For the cases that involve recursion, if all recursive calls perform correctly, then the entire case performs correctly: The recursive case—that is, years>1—works correctly, because if the recursive call correctly posts years-1 worth of interest, then all that is needed is to post one additional year’s worth of interest and the call to the overloaded zero-argument version of update will correctly post one year’s worth of interest. Thus, if the recursive call performs the correct action, then the entire action for the case of years>1 will be correct.

In this example, we have overloaded update so that there are two different functions named update: one that takes no arguments and one that takes a single argument. Do not confuse the calls to the two functions named update.

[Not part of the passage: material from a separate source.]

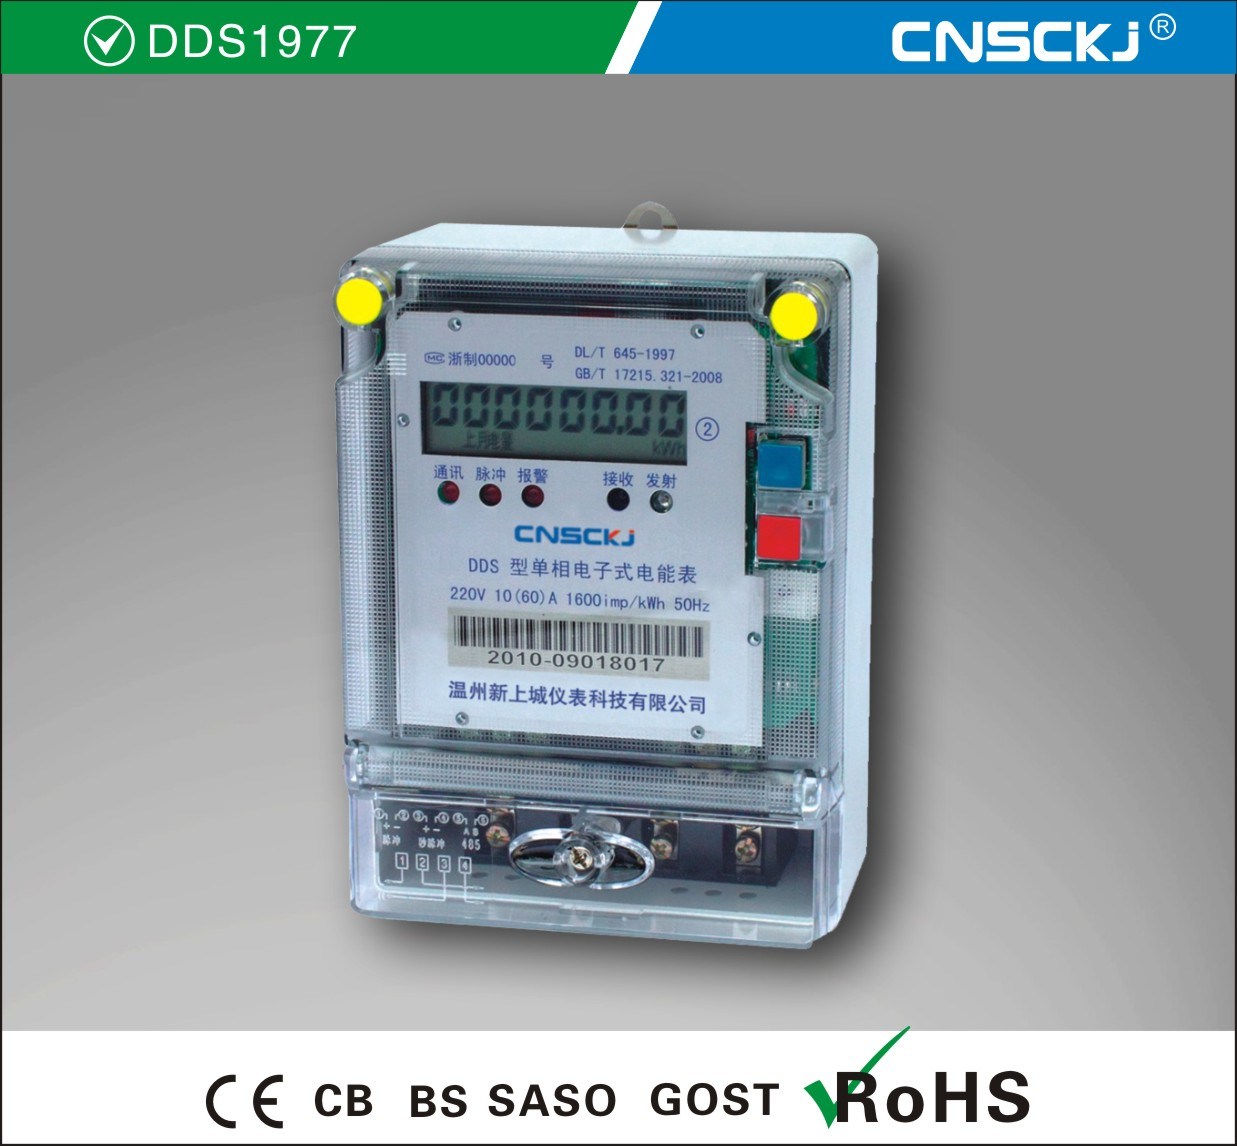 Dds1977 Type Single-Phase Electronic Abstraction-of-Electricity Prevention Watt-Hour Meter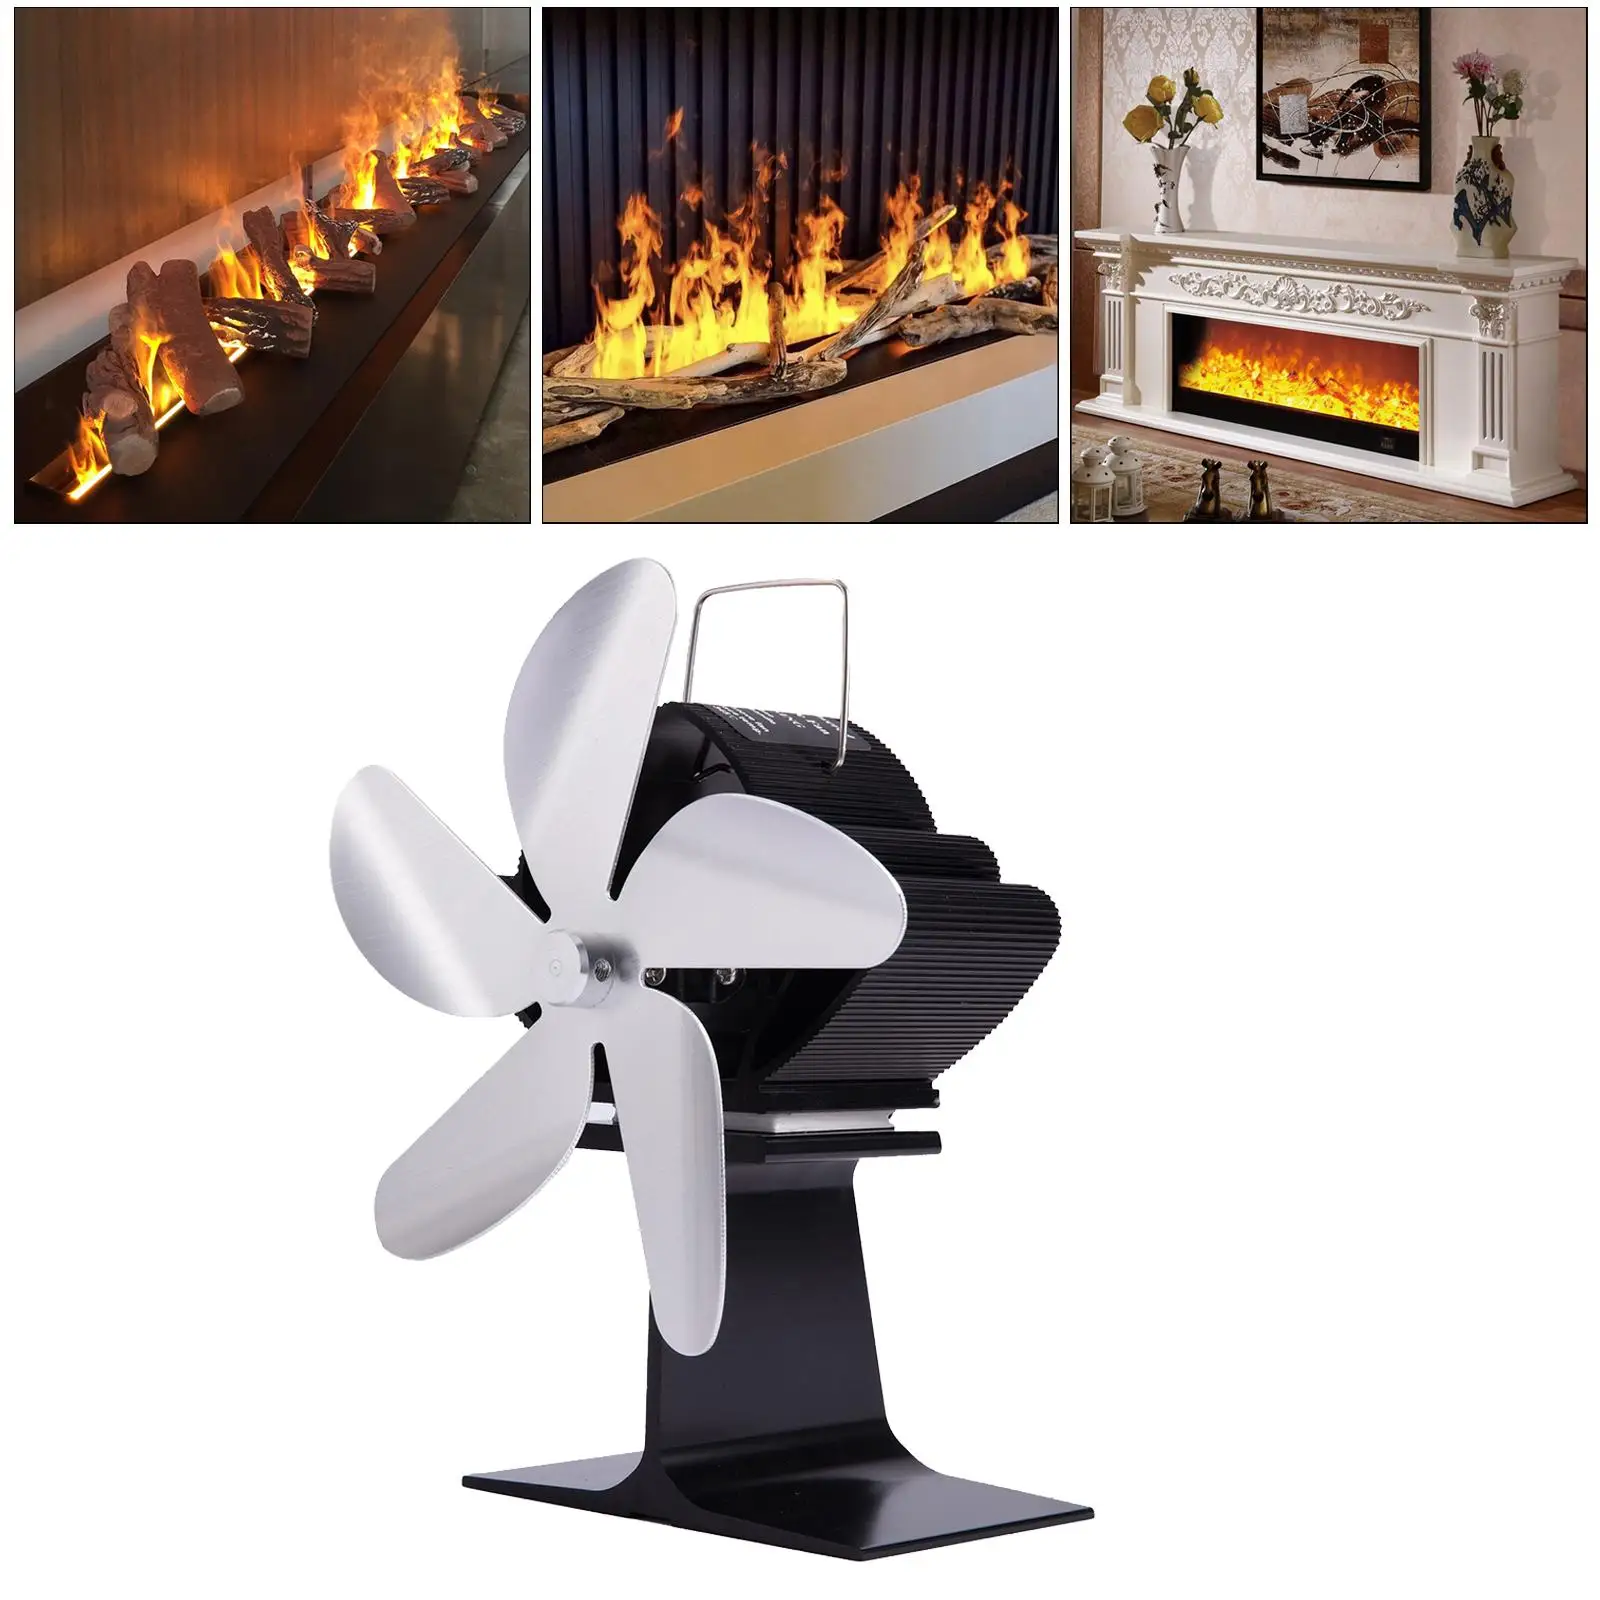 4 Blade  Powered Stove  Friendly  Distribute Air Circulation Fireplace Fan for Wood/Log Burner/Fireplace

These are two different functions that, as far as the compiler is concerned, just coincidentally happen to have the same name. When the definition of the function update with one argument includes a call to the version of update that takes no arguments, that is not a recursive call. Only the call to the version of update with the exact same function declaration is a recursive call. To see what is involved here, note that we could have named the version of update that takes no argument postOneYear(), instead of naming it update(), and then the definition of the recursive version of update would read as follows:

void BankAccount::update(int years)
{     if (years == 1)
    {
        postOneYear();
    }     else if (years > 1)
    {
        update(years − 1);
        postOneYear();
    }
}

Self-Test Exercises

Write a recursive function definition for the following function:
```
int squares(int n); //Precondition: n >= 1
//Returns the sum of the squares of numbers 1 through n.
```
For example, squares(3) returns 14 because 1² + 2² + 3² is 14.
Write an iterative version of the one-argument member function Bank-Account::update(int years) that is described in Display 14.9.